Been away too long! Quite a few things have been going on, will try to get caught up with them.
I’ve been following the Mann / Steyn war pretty much since it began. The most recent twist is that Steyn, proving that Mann should really have listened to me when he had the chance, has put out a new book, “A Disgrace To The Profession”: The World’s Scientists – in their own words – on Michael E. Mann.
I’m eagerly awaiting my copy. The book – which consists of comments by various leading climate scientists on what they think of Mann and his ludicrous stick – dovetails nicely with my own intellectual path on this subject.
I first got into the subject of Mann and the Stick when it was being loudly trumpeted that Mann’s hockey stick had been proved by National Academy of Sciences. Looking at what the Academy actually reported, this turned out to be misleading. The Academy clearned Mann of deliberate falsification, but concluded the stick was a pretty shaky piece of science. Mann seemed to agree.
Then came the beginning of the Steyn lawsuit. I was torn. On the one hand, I have a lot of respect for Steyn; on the other hand, I hated – still hate – seeing accusations of scientific dishonesty made lightly. I was also utterly unimpressed by Mann lying about his Nobel prize.
Then I found out about his habit of bullying other researchers, and generally being a megalomaniacal windbag, and was serially dishonest about, e.g., whether he’d been exonerated by different groups. Even so, I was not willing to accuse Mann of scientific dishonesty.
Then I found out what some other scientists were saying…
Things like this, for example, from David Rind:
Concerning the hockey stick: what Mike Mann continually fails to understand, and no amount of references will solve, is that there is practically no reliable tropical data for most of the time period, and without knowing the tropical sensitivity, we have no way of knowing how cold (or warm) the globe actually got. I’ve made the comment to Mike several times, but it doesn’t seem to get across.
Oh, but it does, it does… When pressed on the subject by the National Academy, in public, Mann couldn’t get it quickly enough:
Mann says that he is “very happy” with the committee’s findings, and agrees with the core assertion that more must be done to reduce uncertainties in earlier periods. “We have very little long-term information on the Southern Hemisphere and large parts of the ocean,
This is just so typical of a bully. Vicious and bluff when he can get away with it, obsequeous and grovelling when he can’t.
So, looking back over the last several years, it’s interesting the way my attitudes have shifted. Initially I thought that this whole thing would be a discredit to climate science and wished that Mann hadn’t started it. Now, I think that Mann’s public humiliation and discredit is probably one of the best things that can happen for the field, and that Steyn deserves credit for making it happen.
Some time ago, a commentator here summarized my position as believing that global warming is real and manmade and thinking that Mann is a fraud, and added that this must be unique. I agreed. I wouldn’t now – not because my position has changed, but because it appears that I’m in a much larger group than anyone has suspected.
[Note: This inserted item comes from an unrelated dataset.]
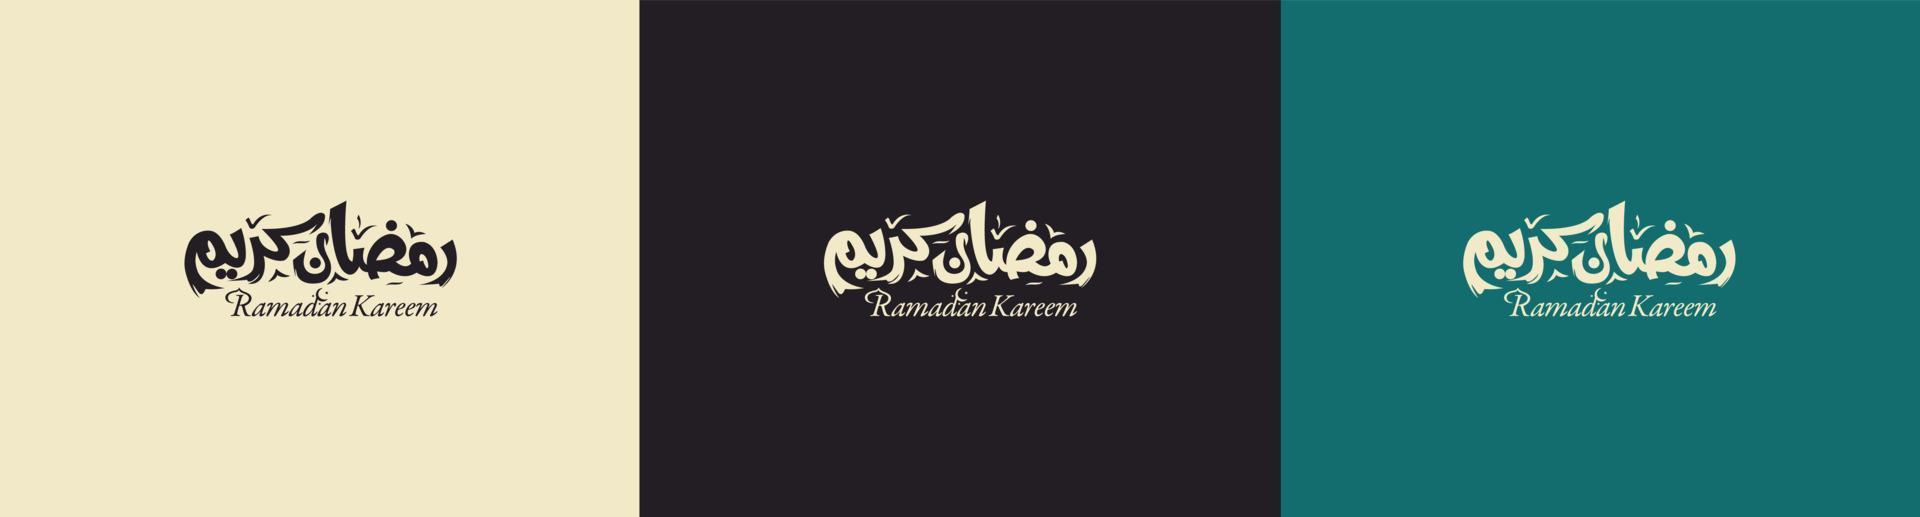 Kareem Ramadan. Ramadan Mubarak. tradotto felice, santo ramadan. mese di digiuno per i musulmani. tipografia araba. vettore

Is this, perhaps, the reason not a single amicus brief was field on Mann’s behalf? Perhaps a field that he has abused can’t wait to be rid of him.
Of course, not everyone sees it that way. David Appell, who sometimes pop up on this blog to say something silly before sloping off, had the following to say:
We’re supposed to think that a blogger known mostly for his Islamophobia somehow disproved and dismissed all the independent mathematical work by Ammann and Wahl, Tingley and Huybers (and again in 2013), Marcott et al, and PAGES 2k — the latter a huge, comprehensive paper written by over six dozen scientists?
David should really not try that crap as long as I’m around. As I went into some detail, the PAGES2K reconstruction looks little-to-nothing like the hockey stick. That is especially true if you look at the individual, continental, reconstruction on which it is based:
Also, please let me repost the consensus reproduction of climate proxies, which includes the work that Mann does when he can be held to account by competent scientists:
Appell also writes as follows:
As I wrote, the hockey stick result is obvious, since it’s based on some simple observations and simple physics
Really? Simple observations and simple physics are all that it takes to perfectly understand an entire planet, with all of its complex systems and feedbacks, across thousands of years?
This is just plain piffle. There wouldn’t routinely be papers in Science and Nature on the subject if it was simple.
This sort of shady half-truth and intellectual intimidation is Mann’s legacy. Steyn deserves full credit if, even unintentionally, he provides the explosion that brings all this down.